→ **Problem description**
Data follows below. Repeat exactly the lines between the line holding "Miko 2 My Companion" and the line holding "TONIGHT: @ExplorationLive with", inclusive, and nothing more; drop pictures.

→ **Given records**
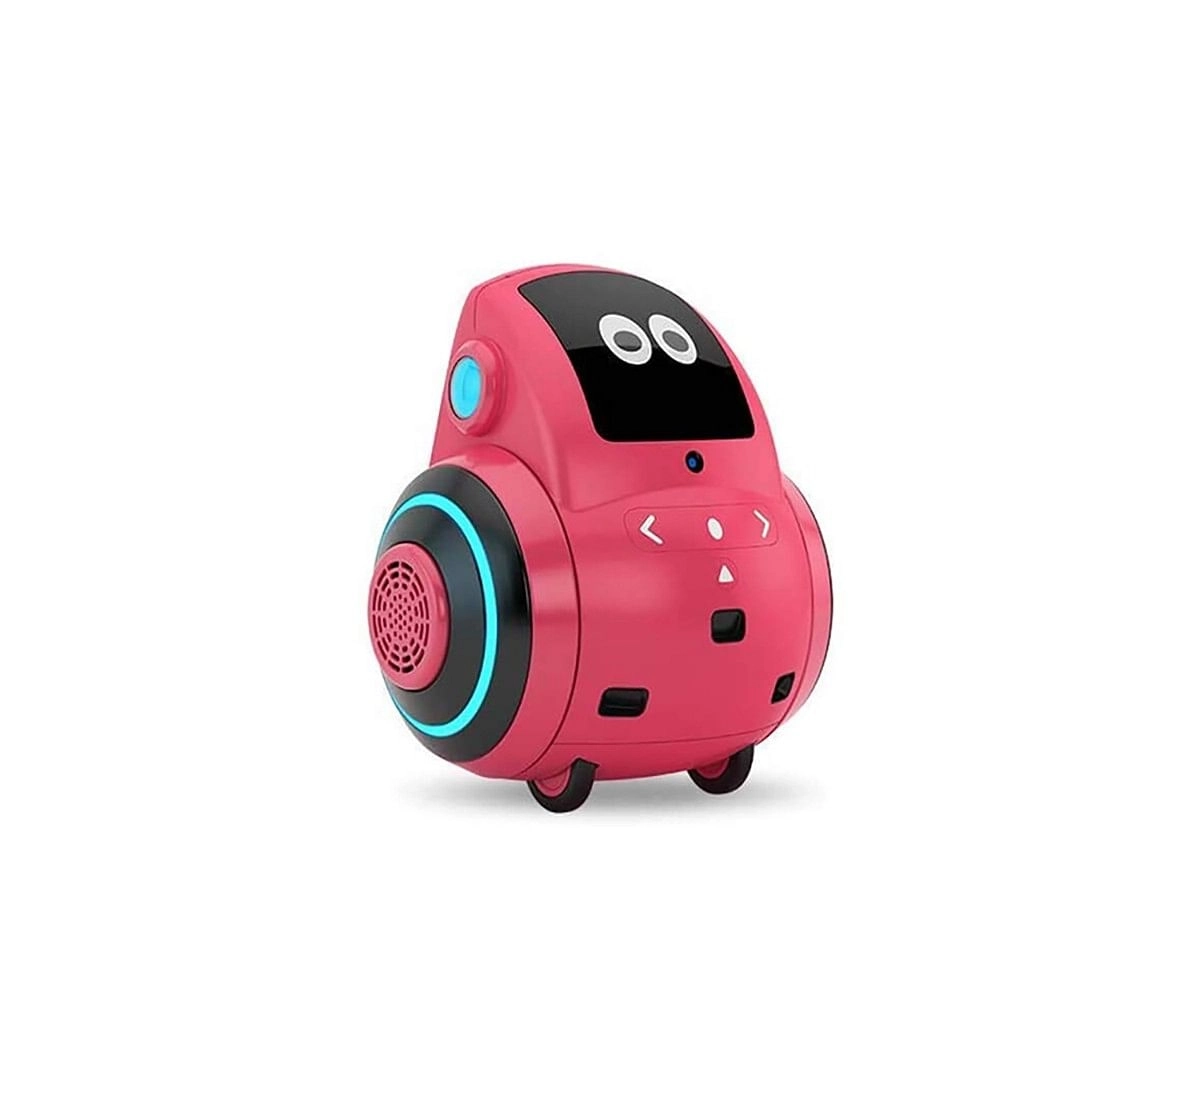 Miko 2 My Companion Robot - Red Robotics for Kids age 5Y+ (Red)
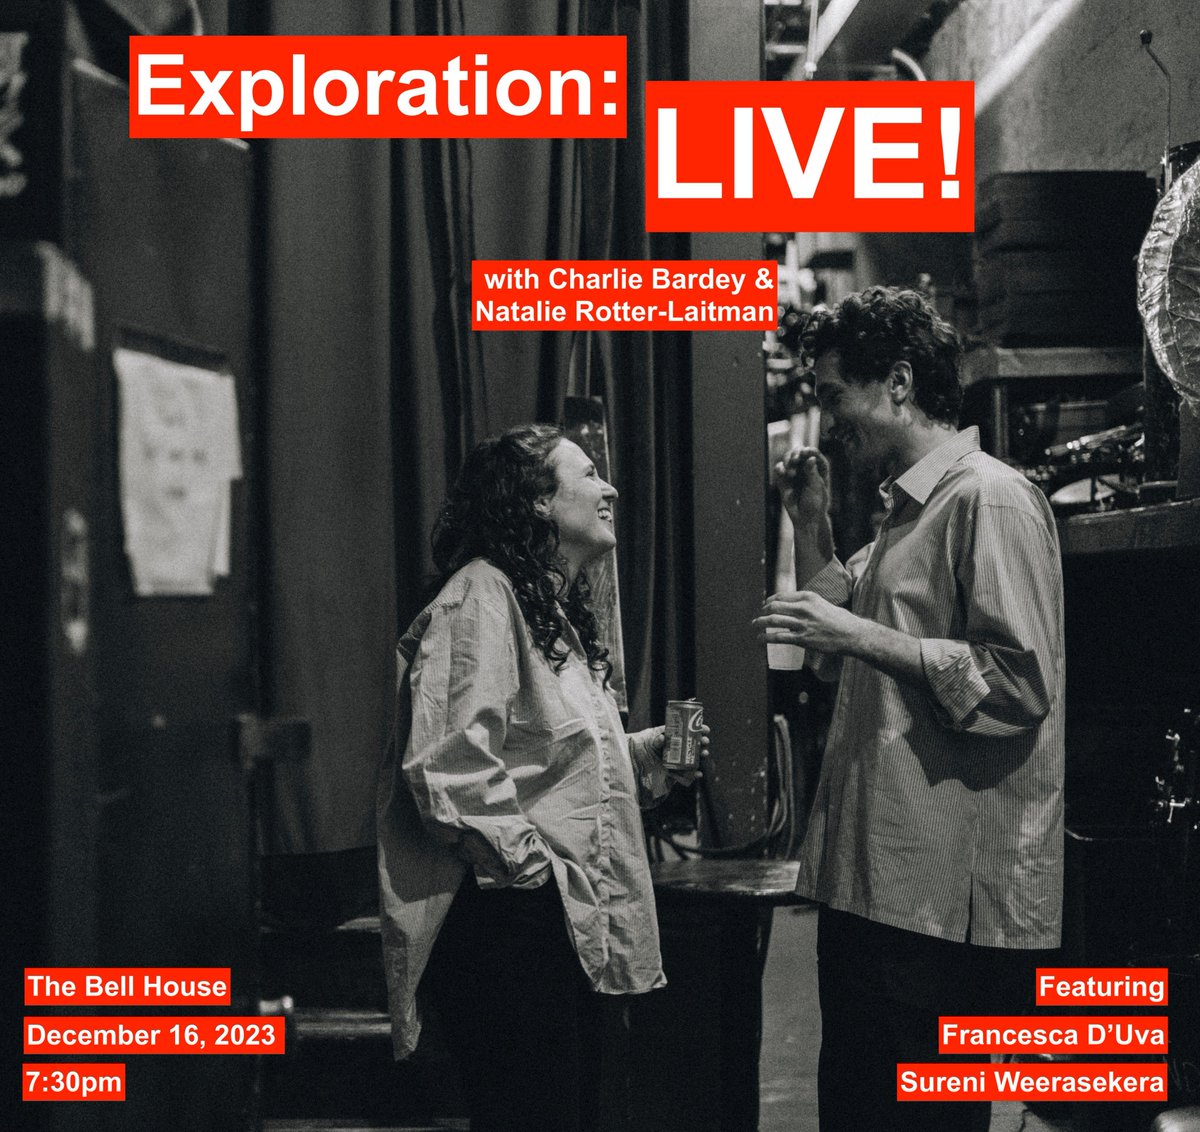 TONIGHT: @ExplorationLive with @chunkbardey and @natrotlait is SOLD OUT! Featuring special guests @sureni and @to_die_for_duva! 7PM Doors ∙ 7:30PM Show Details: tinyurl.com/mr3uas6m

--

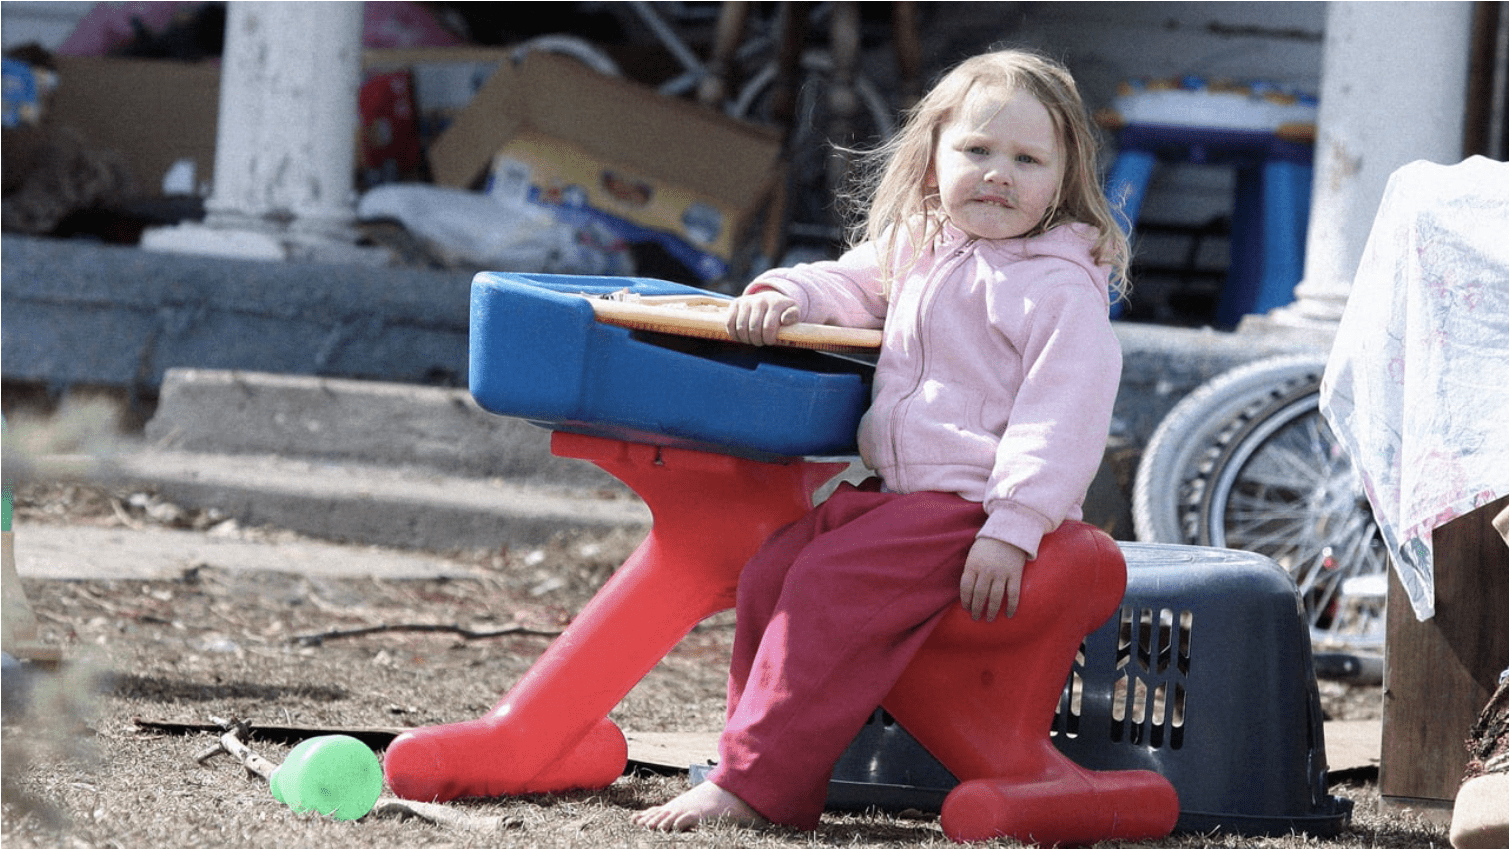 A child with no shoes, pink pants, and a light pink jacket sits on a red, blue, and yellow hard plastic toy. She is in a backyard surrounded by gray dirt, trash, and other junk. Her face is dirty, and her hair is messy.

→ **Solution to this exercise**
 Miko 2 My Companion Robot - Red Robotics for Kids age 5Y+ (Red)
 TONIGHT: @ExplorationLive with @chunkbardey and @natrotlait is SOLD OUT! Featuring special guests @sureni and @to_die_for_duva! 7PM Doors ∙ 7:30PM Show Details: tinyurl.com/mr3uas6m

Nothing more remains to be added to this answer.